While gold consolidated its recent gains, silver was sold down this week along with other metals and energy.
The whole commodity complex suffered badly in the stock-market fall-out, before a sharp bear-squeeze across commodity markets pushed silver, copper and oil sharply higher yesterday (Thursday). Silver is now down 6.8% on the year and gold 5%. Prices were slightly firmer this morning in Asian trade, before the European opening.
Storm-force winds blew through all markets, with substantial falls in equities after last weekend. As it became clear that the falls would be contained for the moment, the US dollar rallied and US Treasury yields increased from the panic lows. This recovery in general sentiment led to weakness in precious metals generally.
The sharp fall in silver is hard to justify in anything other than purely speculative terms. While the last Commitment of Traders Report (18th August) for the US futures market showed Managed Funds short positions were slightly less extreme, they are still very high, as shown in our next chart.
We will get updated COT figures this evening, but it is reasonable to suppose that some of the long positions in this category have been closed with open interest falling about 7,000 contracts. There may have been some producer hedging as well. The net position, longs minus shorts, is our next chart.
The chart confirms speculators in the form of hedge funds were still extremely bearish as a crowd mid-month and there is little evidence this sentiment has changed this week.
Anecdotal reports are of significant shortages of physical gold and silver, despite the negative sentiment in futures markets. Demand for coins and retail bars in the US has cleaned out the dealers, particularly for silver, and in London availability of sovereigns continues to be tight. Western markets for gold in particular must be reflecting the strains imposed upon it by continuing Asian demand, which has led to progressive destocking of vaulted gold for the last three years.

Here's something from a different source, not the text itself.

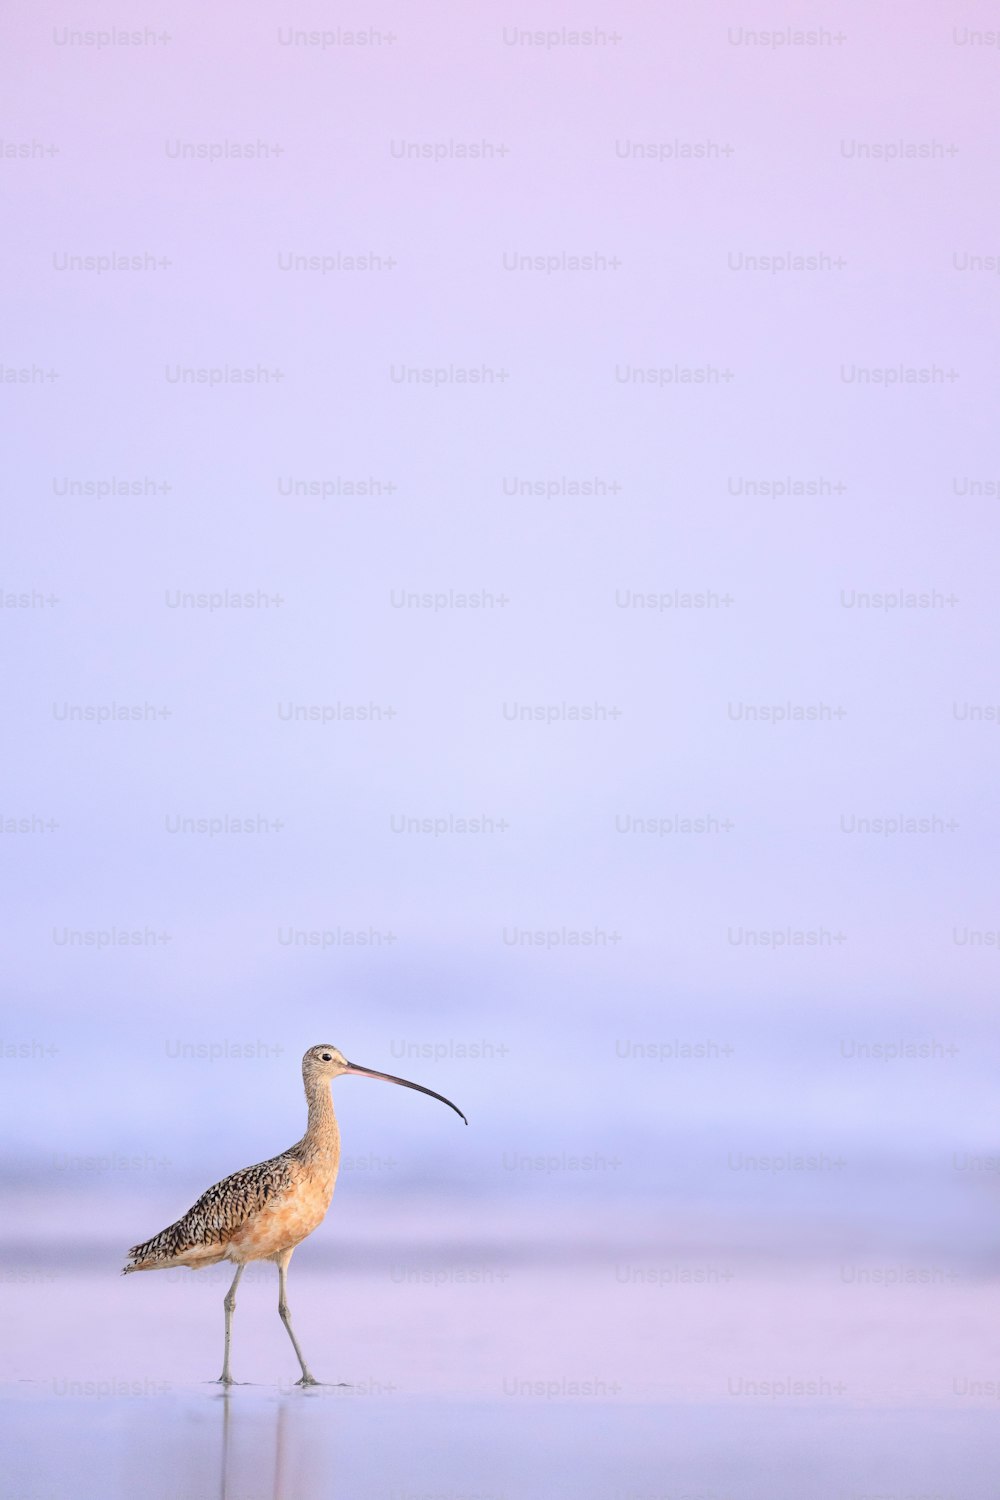 Un oiseau au long bec marchant sur une plage

The next chart shows how China's public demand for physical gold, the largest identifiable physical market, has grown over recent years.

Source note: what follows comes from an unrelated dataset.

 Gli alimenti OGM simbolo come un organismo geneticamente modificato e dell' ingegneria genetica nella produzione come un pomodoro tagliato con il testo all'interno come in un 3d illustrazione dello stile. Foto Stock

In the first seven months of 2015 1,464 tonnes were taken up by the public, an annual rate of over 2,500 tonnes. If the average monthly growth seen in the first half persists, total deliveries could be somewhat more. World mine production according to the US Geological Survey in 2014 was only 2,860 tonnes, including China's own output of 450 tonnes, putting this one market in context. Other Asian countries are also buyers, notably India which is back in the market for an estimated 1,000 tonnes this year.

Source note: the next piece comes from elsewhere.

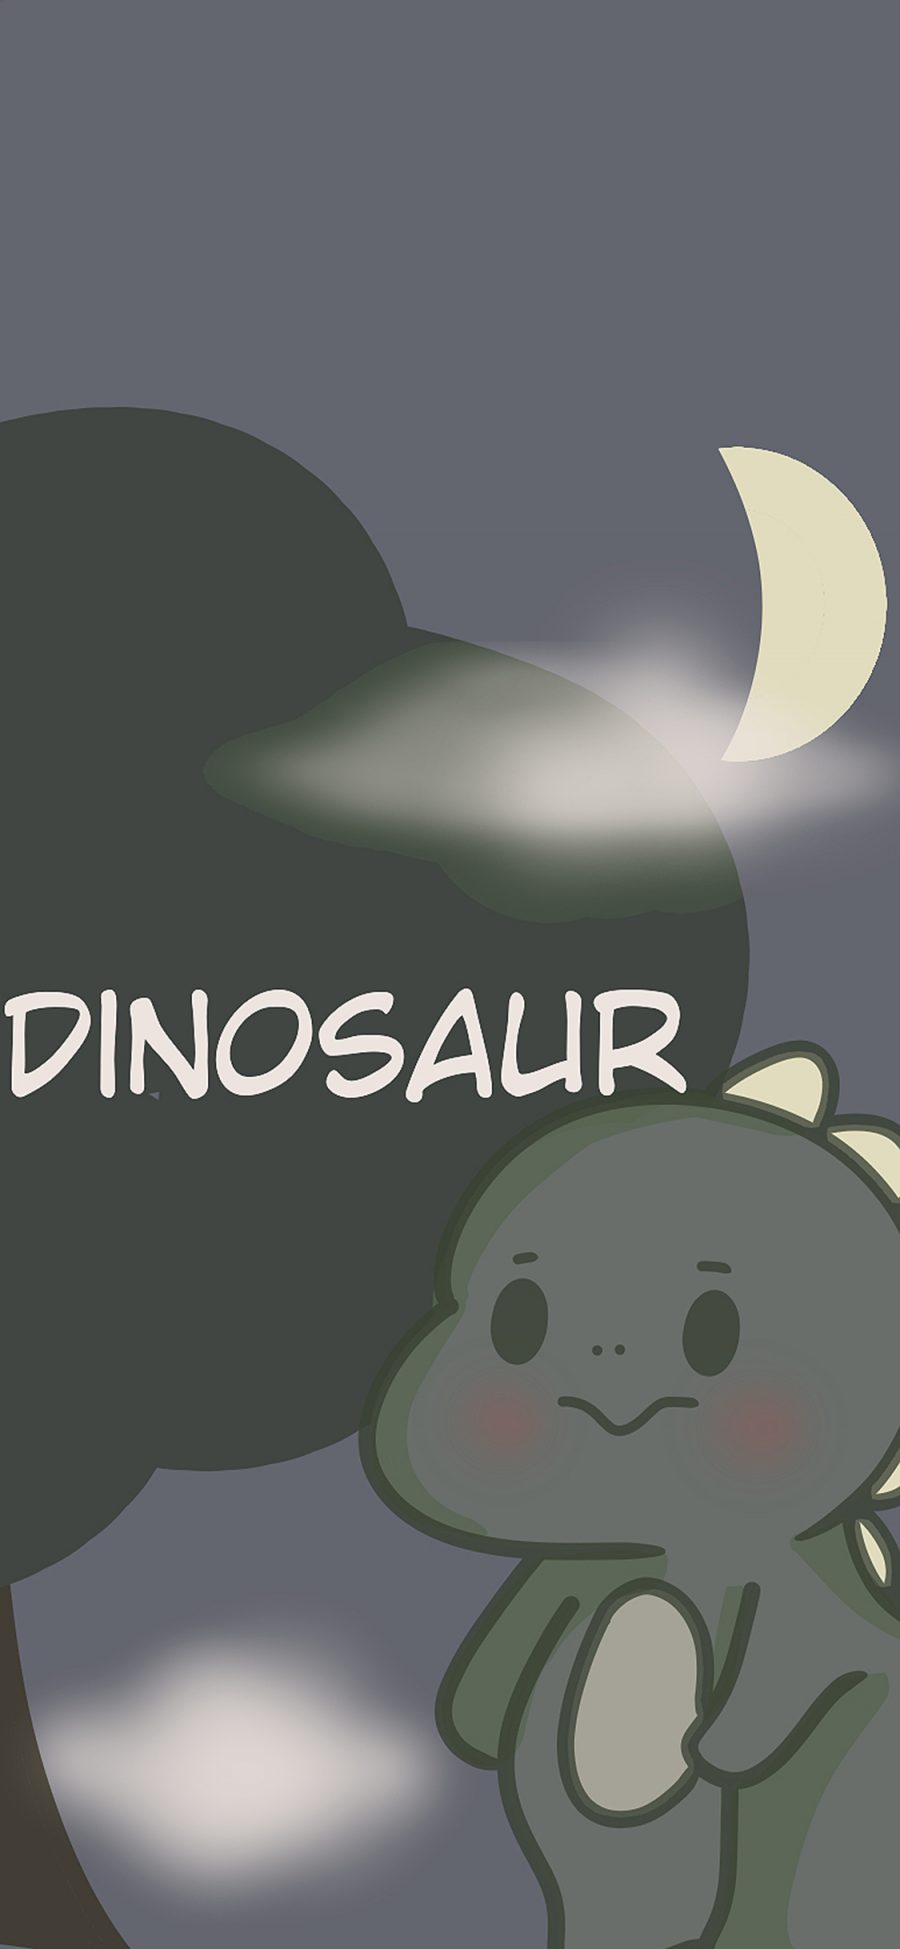 [2436×1125]可爱 小恐龙 dinosaur 苹果手机动漫壁纸图片

These two nations alone are taking out about 150-200 tonnes more than is mined, and while there are also scrap supplies to consider, maybe about 500 tonnes globally, scarce bullion stocks in the west are still being depleted.
The public response throughout Asia to currency instability could be the most important influence on the gold price in coming months. Traditionally, when currencies come under stress the public reaction is to step up gold purchases, in which case backwardations will persist and premiums in Asian markets will rise.
I shall tweet the latest weekly demand figure for China later today when available on @MacleodFinance.
Next week
Monday.
Japan: Capital Spending, Vehicle Sales, Construction Orders, Housing Starts. Eurozone: Flash HICP. US: Chicago PMI.
Tuesday.
Eurozone: Manufacturing PMI, Unemployment. UK: BoE Mortgage Approvals, Net Consumer Credit, Secured Lending, M4 Money Supply. US: Flash Manufacturing PMI, Construction Spending, IBD Consumer Optimism, ISM Manufacturing, Vehicle Sales.
Wednesday.
Eurozone: PPI. US: ADP Employment Survey, Non-Farm Productivity, Unit Labour Costs, Factory Orders.
Thursday.
Eurozone: Composite PMI, Services PMI, ECB Deposit Rate. US: Initial Claims, Trade Balance, ISM Non-Manufacturing.
Friday.
US: Non-farm Payrolls, Private Payrolls, Unemployment.